Actually, it is momentum, sorta. Galilean 3D momentum isn't conserved under special relativity. The energy-momentum four-vector, however, is, under all lorentz-transformed frames.
So in some sense energy is momentum in the time direction (though it's not a Euclidean 4D space, so beware of assumptions). For an object at rest, this becomes its E=mc² equivalence.
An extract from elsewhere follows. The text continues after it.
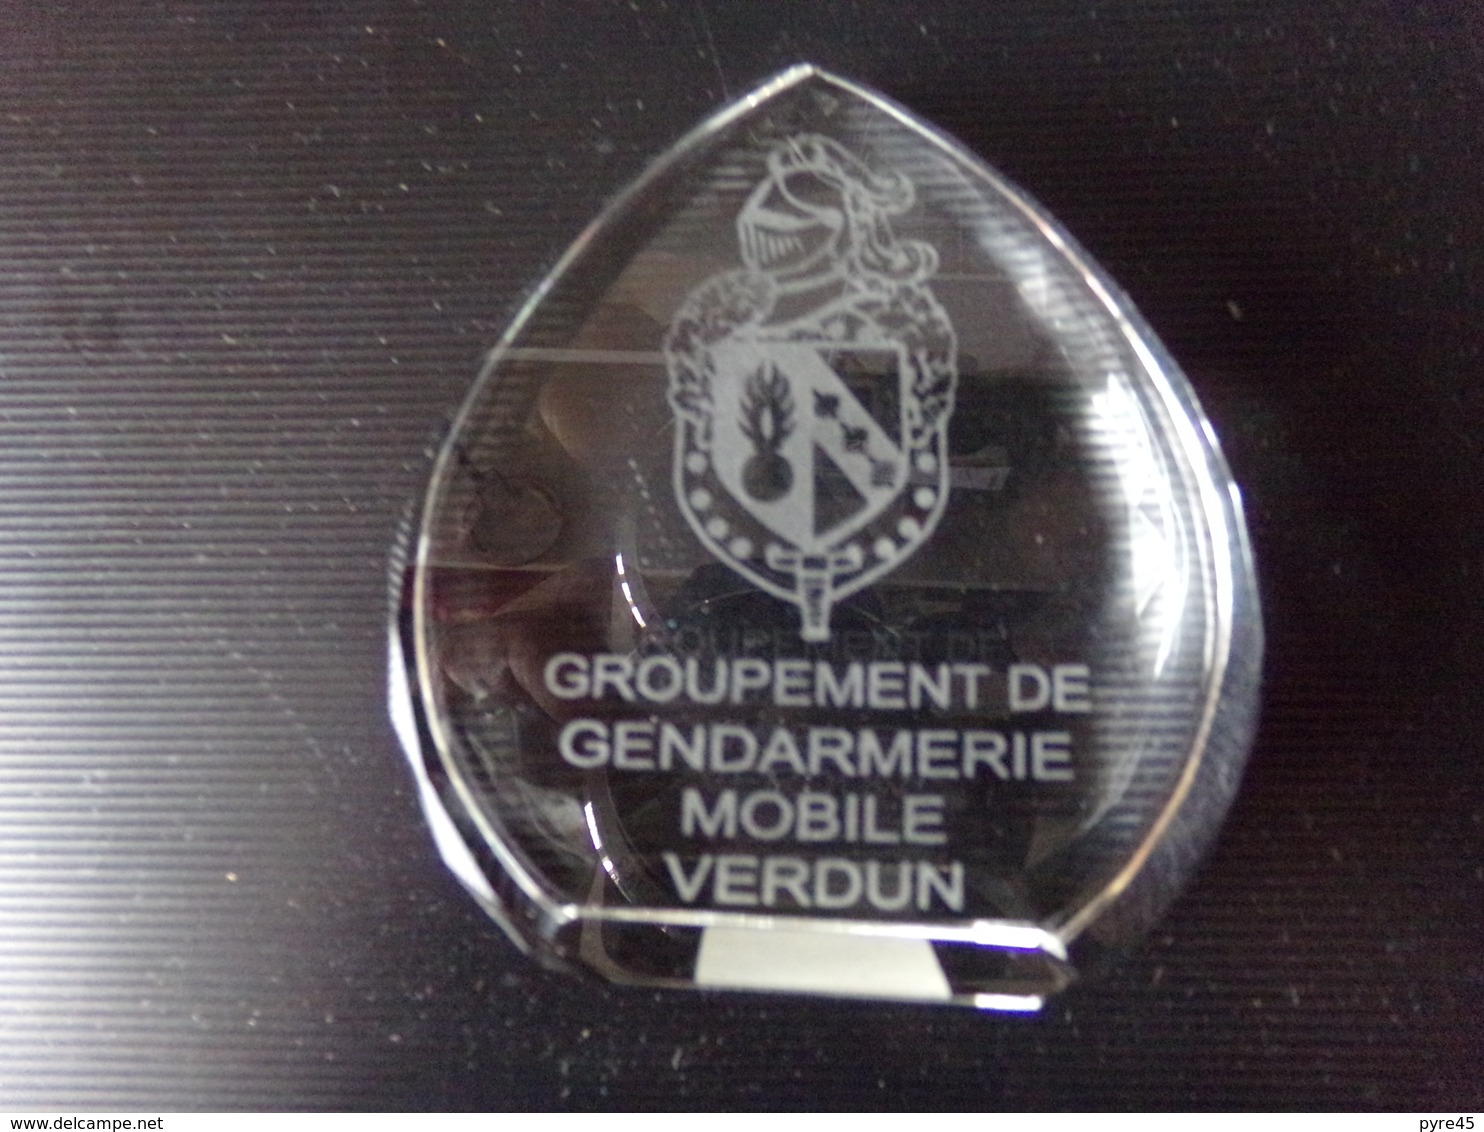 Groupement De Gendarmerie Mobile Verdun Grave Sur Un Support En Cristal 8 X 7,5 X 2,5 Cm260 Gr - Police & Gendarmerie
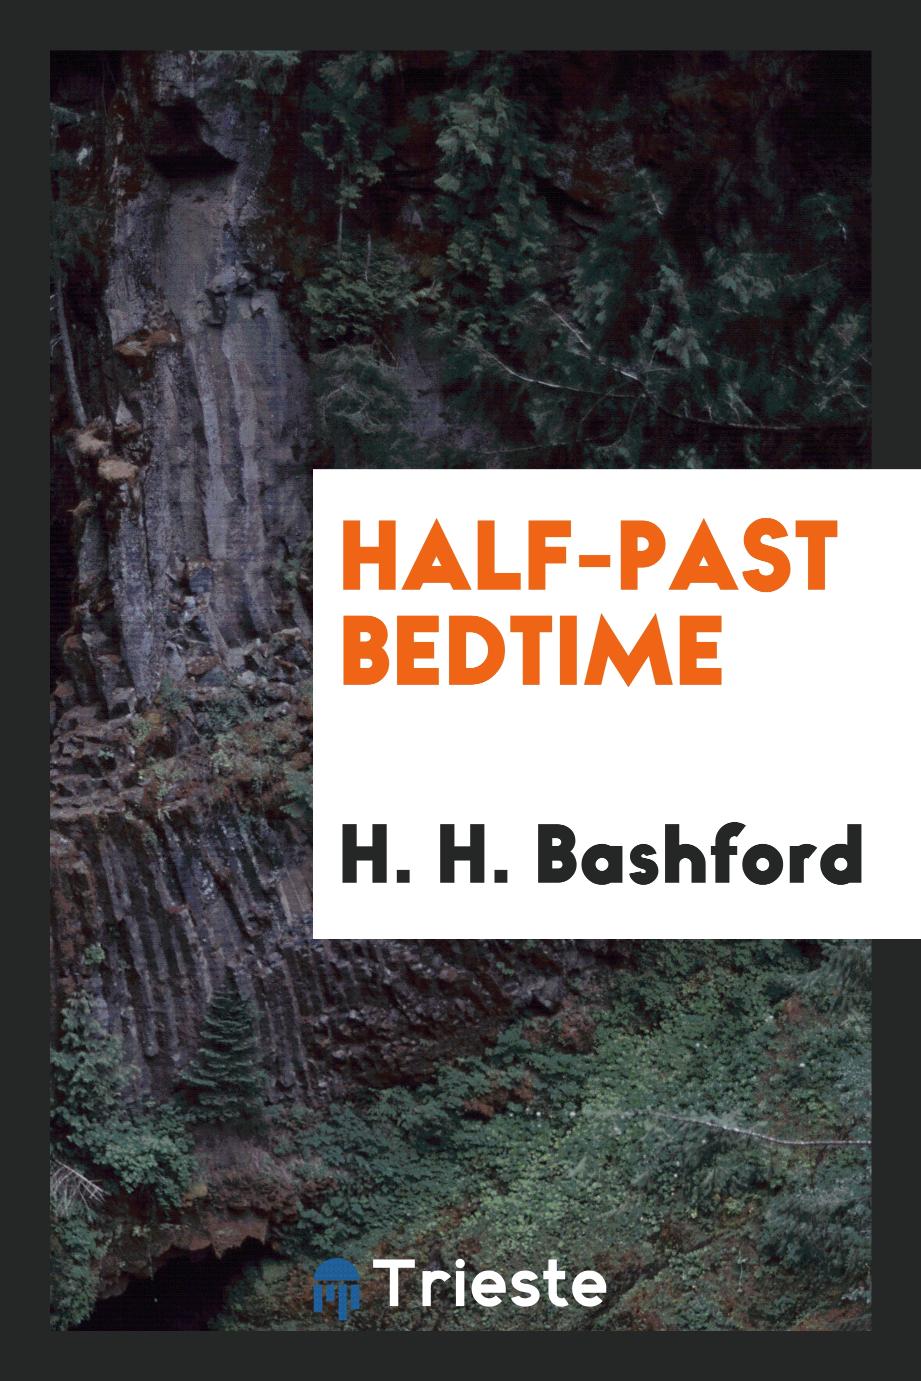 Half-past bedtime

Kinetic energy is just a straightforward "rotation" of the frame.
If you use the right formula for calculating it (which approximates p=mv at low speeds), momentum is actually conserved in special relativity, and so is energy.
However: Energy and momentum are not invariant under changes of reference frame, though the magnitude of the energy-momentum 4-vector is invariant between frames.
P=mv (momentum equals mass times velocity)
This is linear.
One small nuance... saying "kinetic energy is just a straightforward rotation of the frame" is close, but it's the total energy that is the time component of the four-momentum and mixes with the spatial momentum under Lorentz transformations. Kinetic energy is the difference between that transformed total energy and the invariant rest energy. So kinetic energy isn't itself a four-vector component, but it arises from how the time component changes when viewed from a different inertial frame.
Original comment is correct, it's not momentum. Work (hence, energy) is integral of force over distance, momentum is integral over time. There's not "sorta" about high school physics.